- **WORK TASK**
Nothing but the lines below from the one holding "Adora Adorable petit" up to and including the one holding "Ngắm Harley Davidson" should be copied, exactly and without pictures.

- **DATASET EXTRACT**
-- -- --

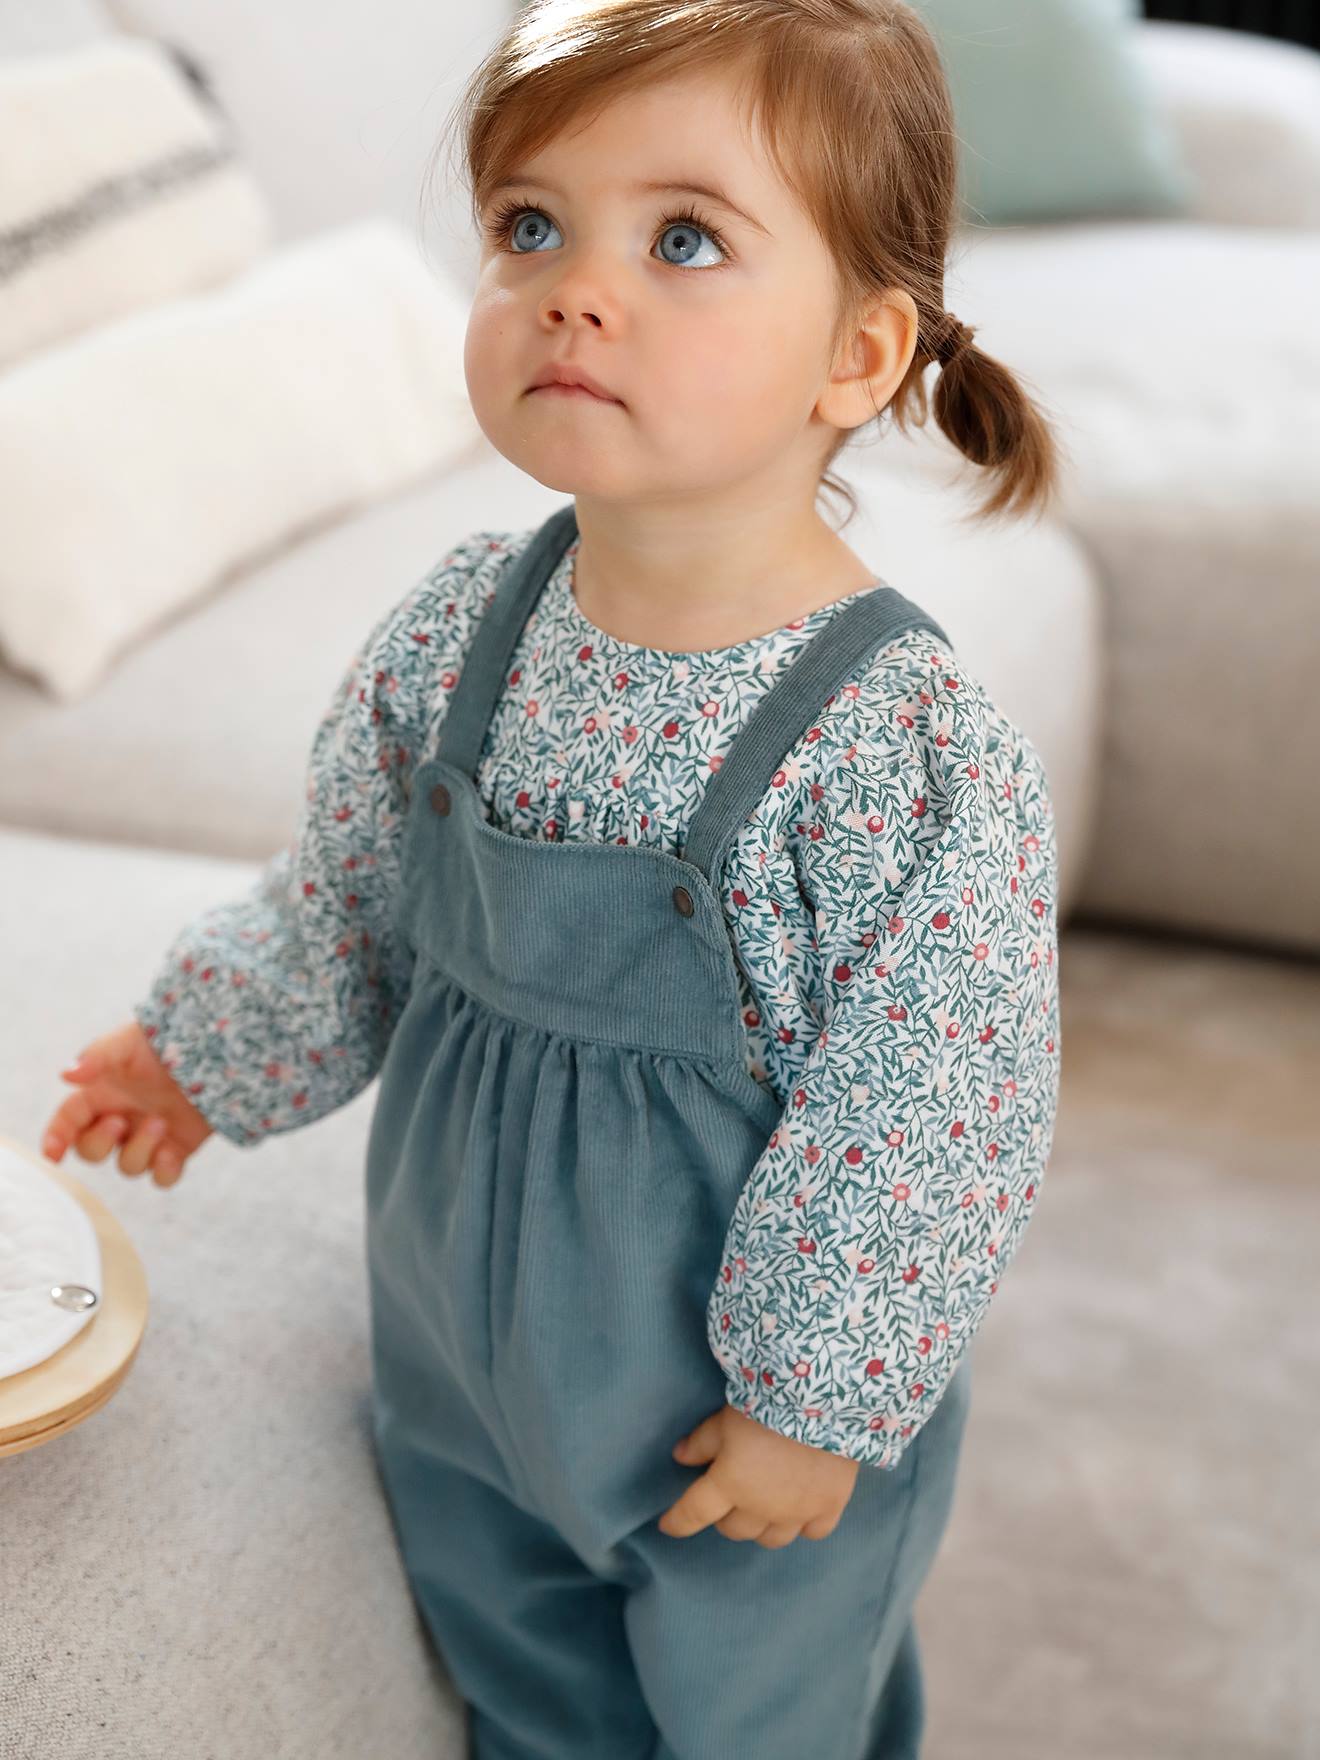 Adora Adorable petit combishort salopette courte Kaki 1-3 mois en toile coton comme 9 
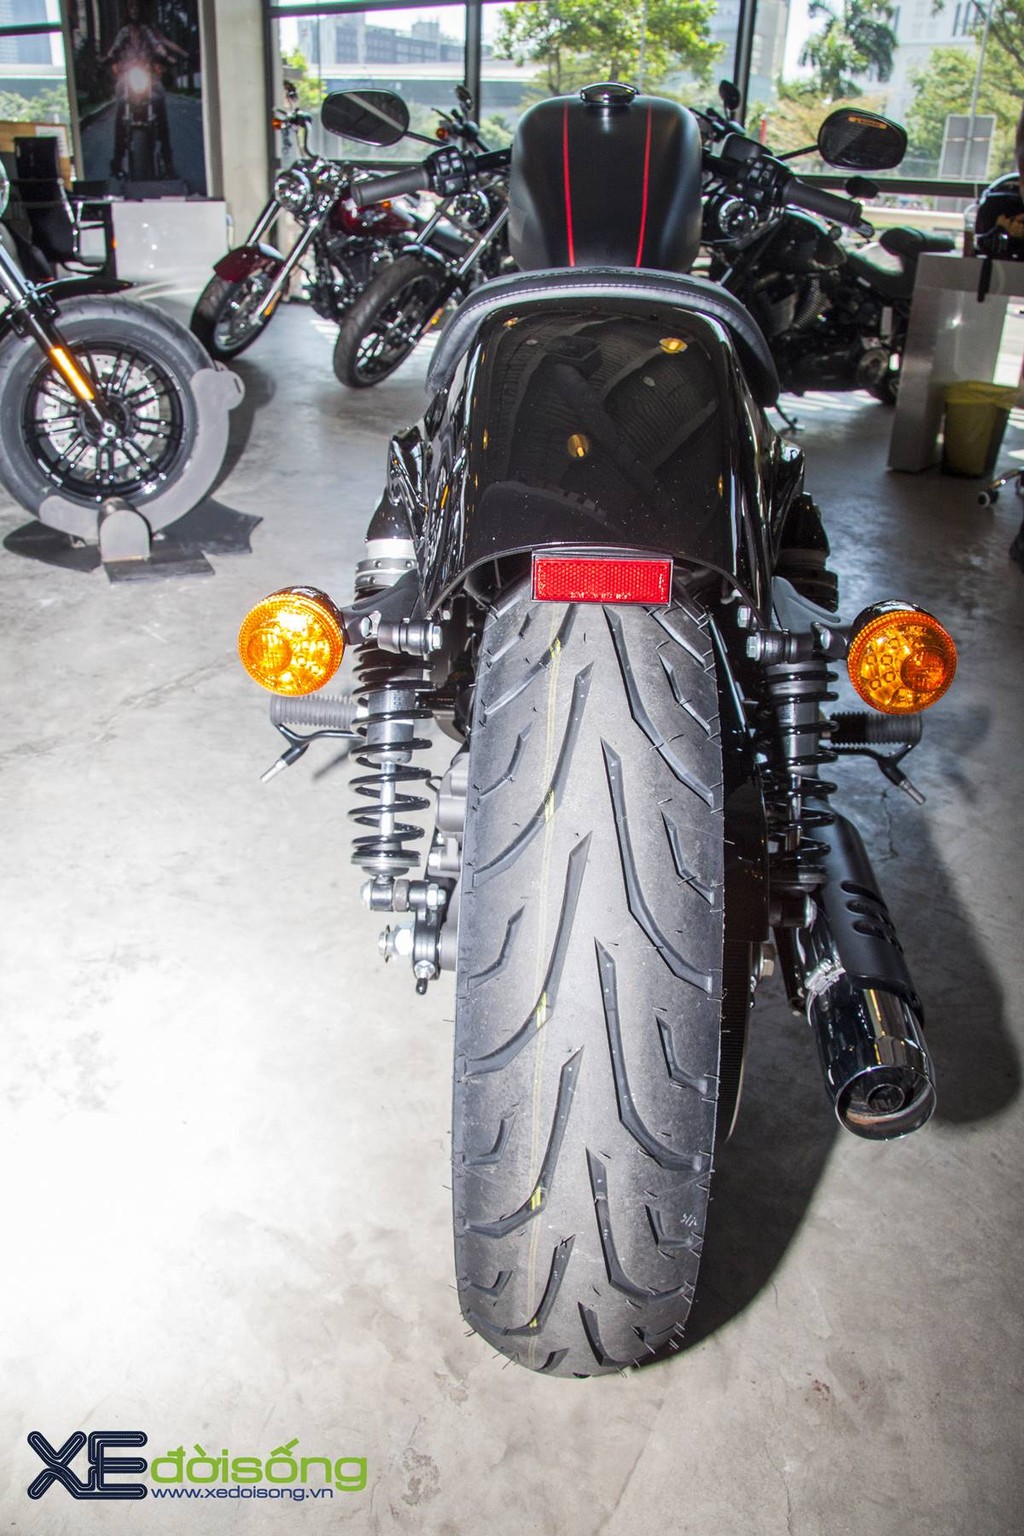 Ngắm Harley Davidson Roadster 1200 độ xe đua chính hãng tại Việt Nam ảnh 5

-- -- --

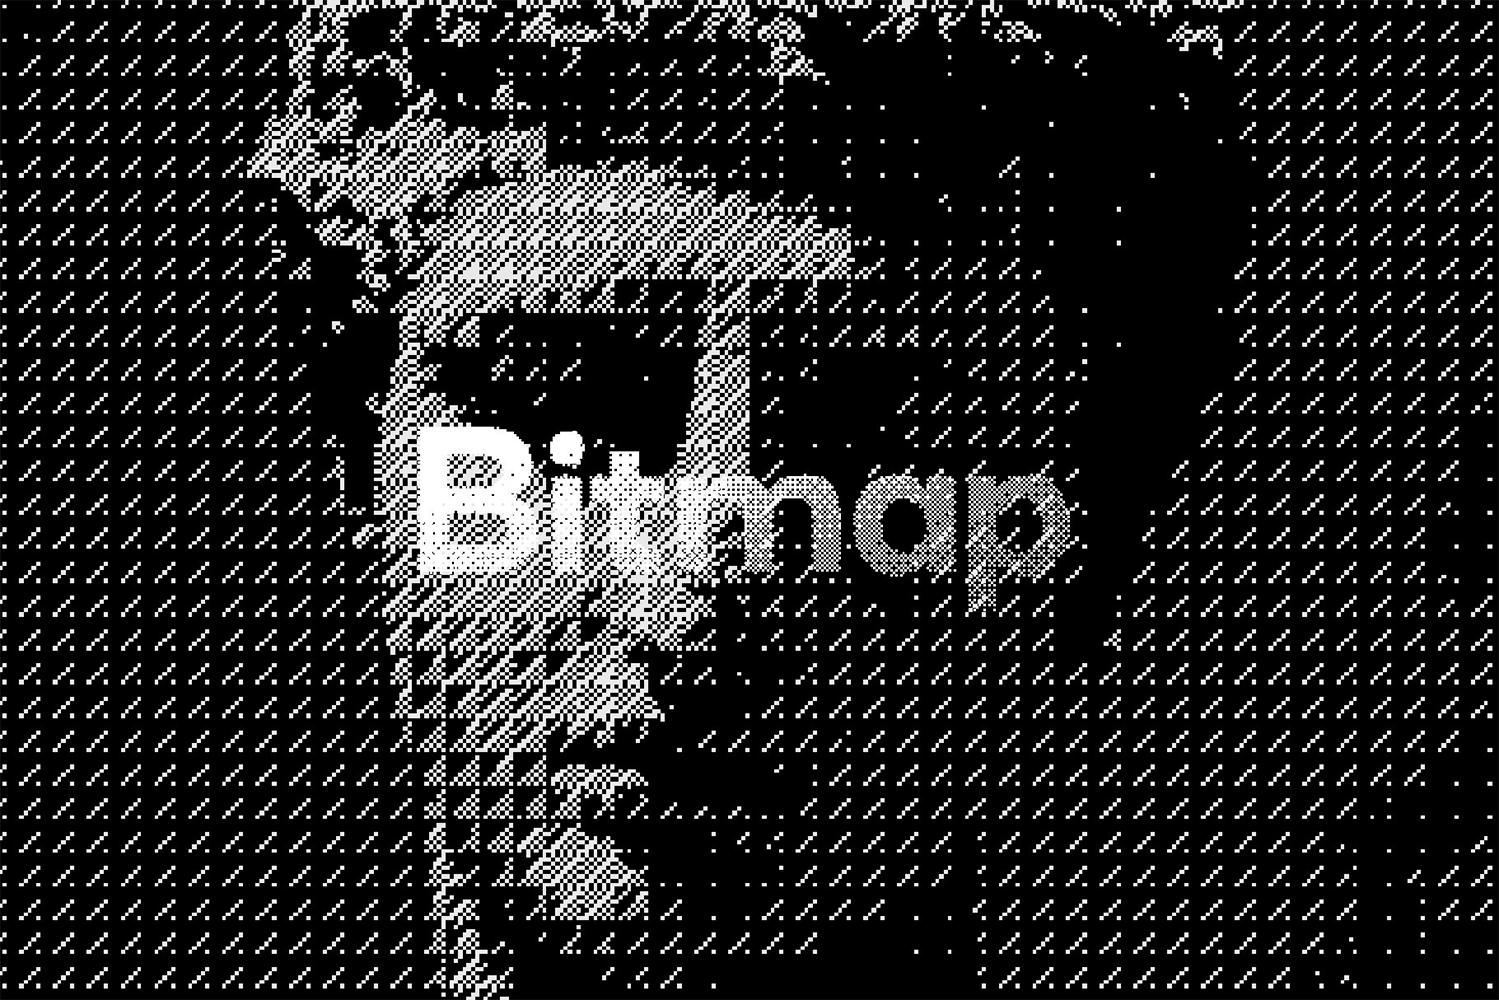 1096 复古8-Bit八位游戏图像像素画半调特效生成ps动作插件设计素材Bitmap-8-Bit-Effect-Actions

-- -- --

- **RESPONSE AREA**
 Adora Adorable petit combishort salopette courte Kaki 1-3 mois en toile coton comme 9 
 Ngắm Harley Davidson Roadster 1200 độ xe đua chính hãng tại Việt Nam ảnh 5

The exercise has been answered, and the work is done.